We saw a Blog post from some good friends of ours recently and they very kindly point out what some of us, myself included, sometimes don't consider when signing up at the gym.  We've all made these mistakes from time to time but a little refresher course never hurt anyone.

Every single one of the gym owners we've talked to are just like you and me.  They are brothers and sisters, husbands, wives, Moms and Dads.  What sets them apart is their gusto.  It takes a serious leap of faith - especially with those that have left a career they were established in to try something new.  When we take that into consideration, it's not pity we feel for them, it's respect.

Some of them post gym rules up on their wall as a reminder to all of us and some don't.  For those that don't, here are 7 Unspoken Rules which I think we all should abide by.  Just a little forewarning - some of these might sting a little but after you read them, can you really argue?

  1. If they offer a Free Intro Class or Free Week on a rotating basis don't take advantage of it beyond 1-3 classes. - Some folks have not heard about CrossFit yet [Yeah, hard to believe, I know :)] so offering a free class or free first week is a good idea for the gym owners to allow people to have a look before they commit.  Just because the local gym offers a free class every Saturday morning doesn't mean it should be filled with all the same people every time.  That's abusive.  If you've got a bunch of friends and you bring one or two with you every week then cool.  People like workout buddies, especially when going somewhere they've never been.
  2. Pay your Dues when they are Due - Ouch.  Yep, I think we've all slipped on this one from time to time.  
    And because of the group class style of CrossFit, we can become quite close to the coaches and owners.  Don't take advantage of that friendship.  They are running a business with bills to pay and we've got to respect that.  If you show up for class when your payment is due and you forgot to bring it with you, excuse yourself, run home and pay your dues.  Then show up the next day to train.  Asking for extensions and giving excuses just puts the gym owner in a difficult situation.  Our advice - pay for a few months in advance, or maybe even a year.   You may even get a discount.  Come'on let's face it, your hooked :)  Pay up front and avoid the uncomfortable conversations.
  3. Always Speak Highly of The Gym Owners and Coaches -
    Kristin C. of The Pack CrossFit posted a cool quote the other day that really made me think - "Everyone you meet is fighting a battle you know nothing about.  Be kind.
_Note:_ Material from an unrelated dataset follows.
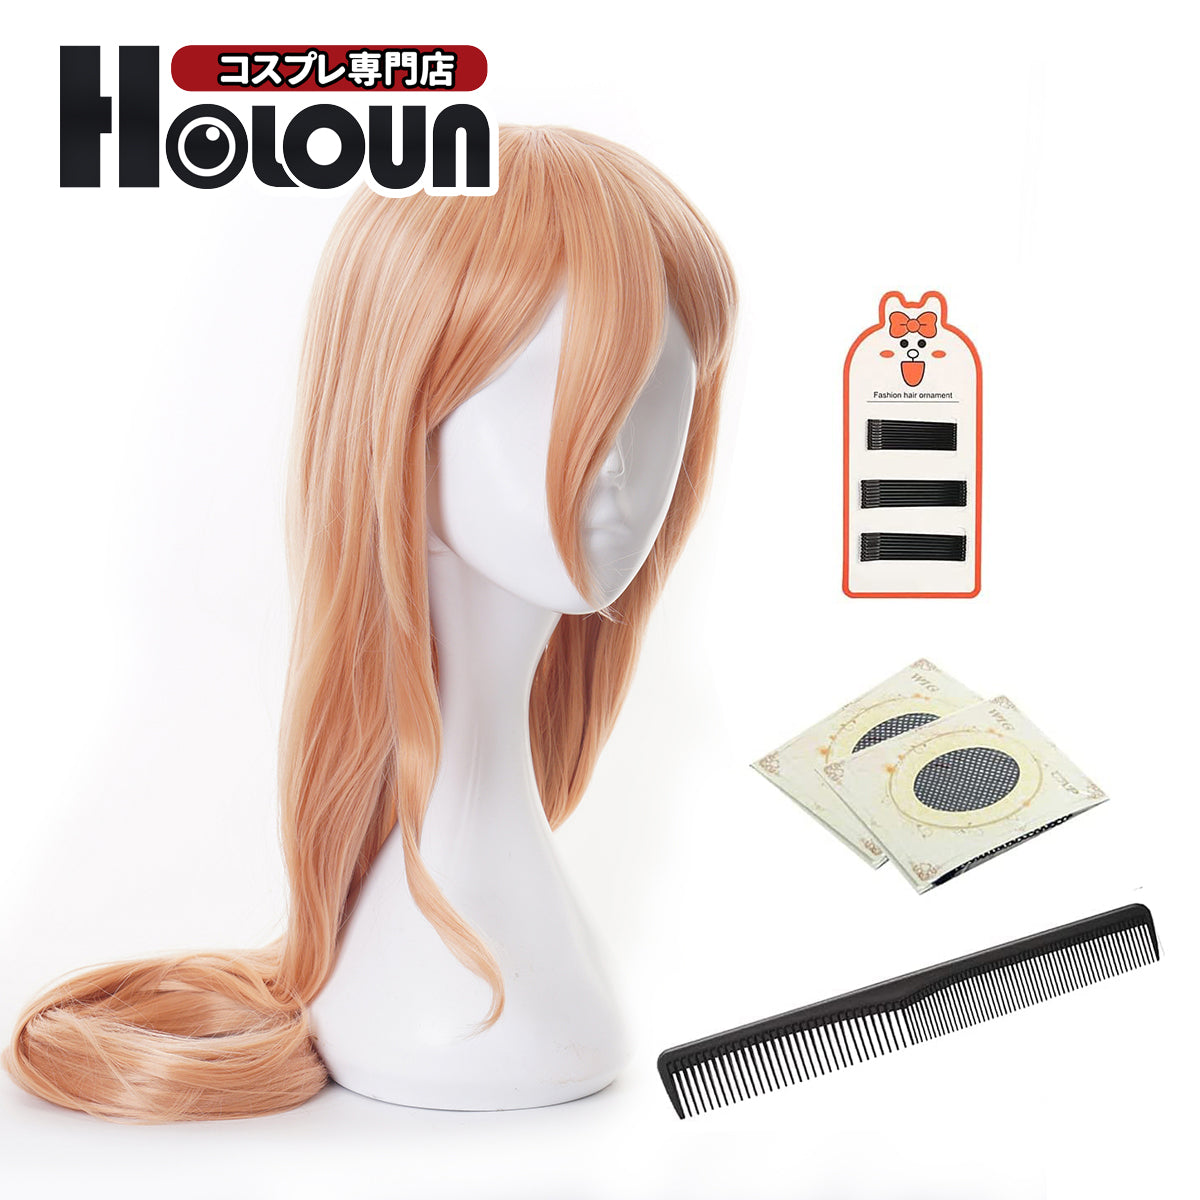 HOLOUN Anime Cosplay Universal Wig For Chainsaw Power Fake Hair Halloween Christmas Party Gift New
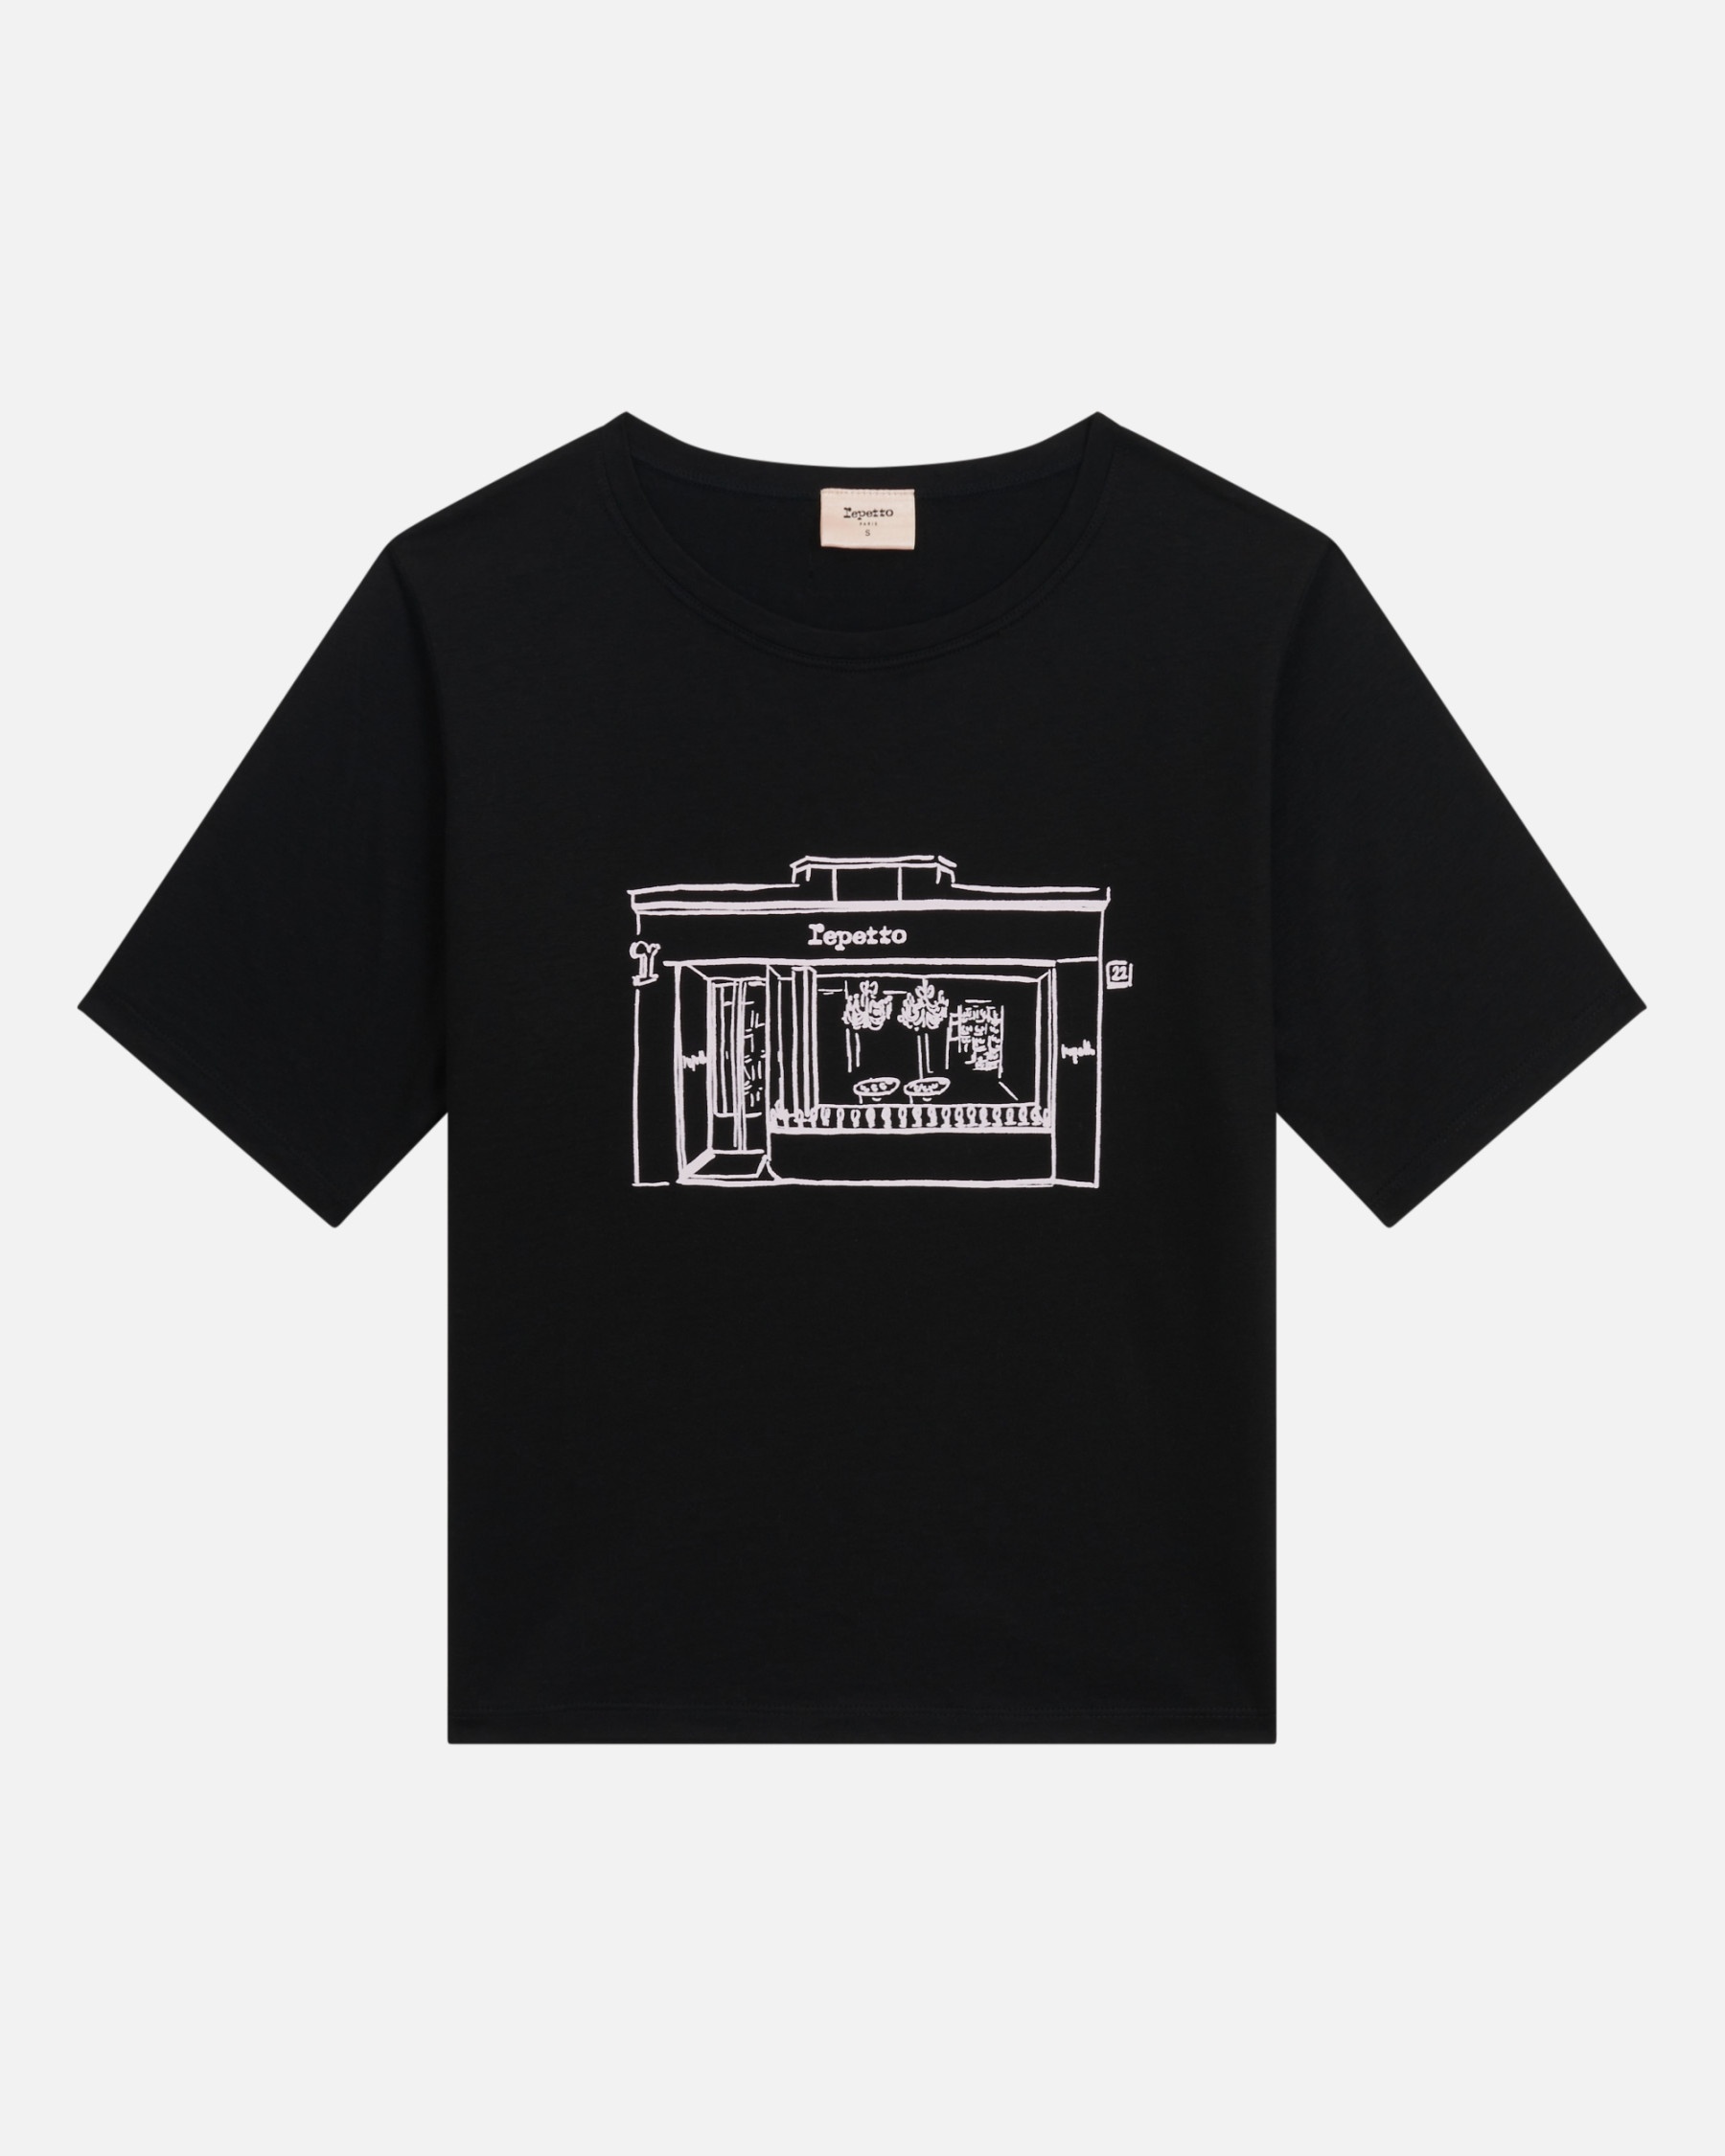 Repetto boutique t-shirt - 1

Always."  Truth.  The coach has to always be on pointe.  That's a hard thing to do and occasionally you may step in class one day when they've got troubles.  Maybe it's an illness of someone close to them they just heard about or maybe their car wouldn't start or maybe they woke up late and rushed just to get the doors open on time... you know the deal.  Stuff happens.  If they're a little off, give them a little slack.  We all show up for work cranky sometimes even if we're doing what we love, too.  Keeping this all in mind, speak highly of them when someone asks.
  4. Show Up for Class Early - Keeping #3 in mind, we all get the occasional bump in the road where everything doesn't go as planned.  Traffic, sick kids, important phone calls, etc...  And the Coach understands that too.  But if you do show up late, don't make a grand entrance, stop the whole class so you can ask what's new with everyone.  Instead, slide in as unnoticeable as possible [ninja style] at one of the far ends and pick up where everyone is.  If getting to class on time is a constant battle, consider changing class times to one that works better.
  5. Work Hard and Listen - We all know CrossFit is about intensity.  The normal class structure for the gym is Stretch/Mobility - Warm Up - Skill - Strength - WOD - Cool Down.  It's an hour long and it's packed full of information and movement.  That's the only time many of us have to devote to the gym so while we're there, take advantage of every minute.  Repeated trips to the water cooler or bathroom only rob us of opportunity to improve.  And it can be interruptive to others, especially new comers who will think it's okay.  It's only an hour.  Have a strong work ethic, respect and listen to the coach when they talking and work hard.  Always.
  6. Put Back What You Take Out - This should really be a no brainer.  But more and more I'm seeing pictures posted on social media of equipment that was left out and for each +1 or Like, the guilty party has to do Burpees.  Yeah, that's reasonable punishment :)  At the end of the workout we're all busted up and understandably it takes a few minutes for us to gain our composure.  But then we get up and clean up.  It's our reasonable service to put things back neatly in the place they go.  Nuff said.
  7. Keep Track of Your Workouts and Max's - Even in a small gym, to expect the coaches to know your max Dead Lift or last time at that benchmark workout isn't realistic. 
    Some hang huge whiteboards or use chalkboard paint on the walls so that everyone can record PRs.  If not, go grab a book like Journal Menu and keep track on your own.  They've got some really neat covers and the information is indexed well so it's easy to find.  And keep it in your gym bag so you've got it with you all the time.  A buddy of mine, Jeff P. here in Victor showed me a really neat trick.  He grabs his smart phone after class and takes a quick snap shot of the whiteboard after class.  That's neat.  Instead of having to record all that stuff while standing there along with everyone else you can do it at home after class.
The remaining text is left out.